# Der Hobbit: Eine unerwartete Reise - über eine Millionen Zuschauer in Deutschland



## PCGH-Redaktion (17. Dezember 2012)

Jetzt ist Ihre Meinung gefragt zu *Der Hobbit: Eine unerwartete Reise - über eine Millionen Zuschauer in Deutschland*

					Am Donnerstag ging der Film "Der Hobbit: Eine unerwartete Reise" an den Start. Nicht nur in Deutschland, sondern auch in den USA startete der Film furios - in Deutschland lockte er mehr als eine Million Zuschauer an. In den USA legte der Film den erfolgreichsten Start eines Films im Dezember hin.

					[size=-2]Bitte beachten Sie: Der Kommentarbereich wird gemäß der Forenregeln moderiert.
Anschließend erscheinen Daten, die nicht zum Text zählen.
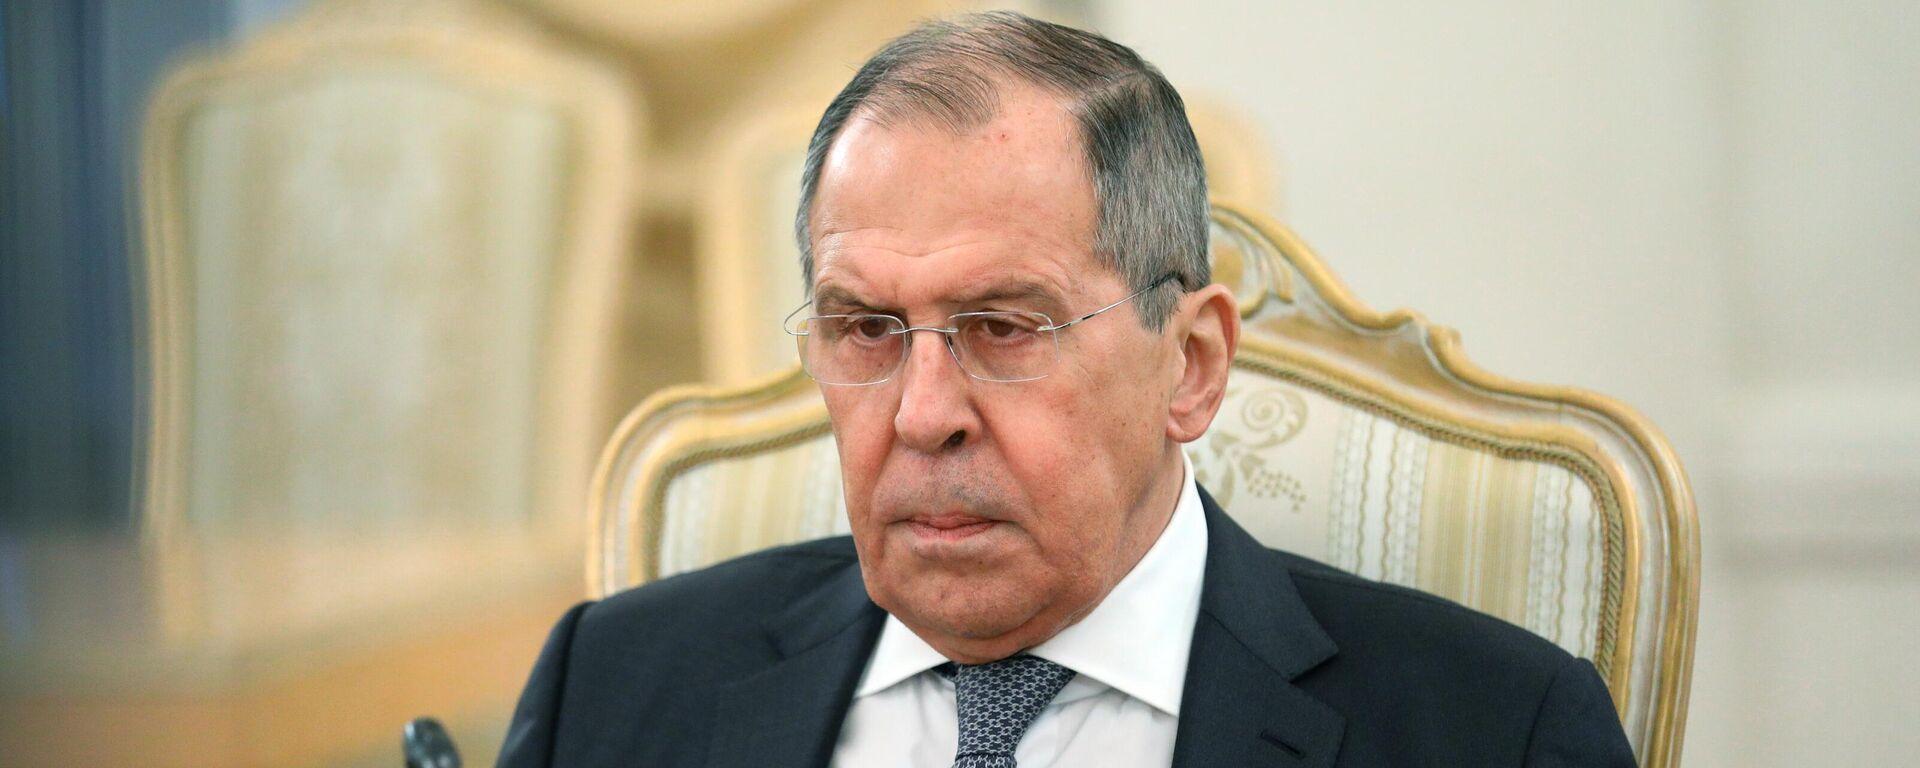 Serguéi Lavrov, canciller de Rusia - Sputnik Mundo, 1920, 09.06.2021

Allgemeine Fragen und Kritik zu Online-Artikeln von PC Games Hardware sind im Feedback-Unterforum zu veröffentlichen und NICHT im Kommentarthread zu einer News. Dort werden sie ohne Nachfragen entfernt. Sollten Sie Fehler in einer News finden, schicken Sie diese bitte an online@pcgameshardware.de mit einem aussagekräftigen Betreff.[/size]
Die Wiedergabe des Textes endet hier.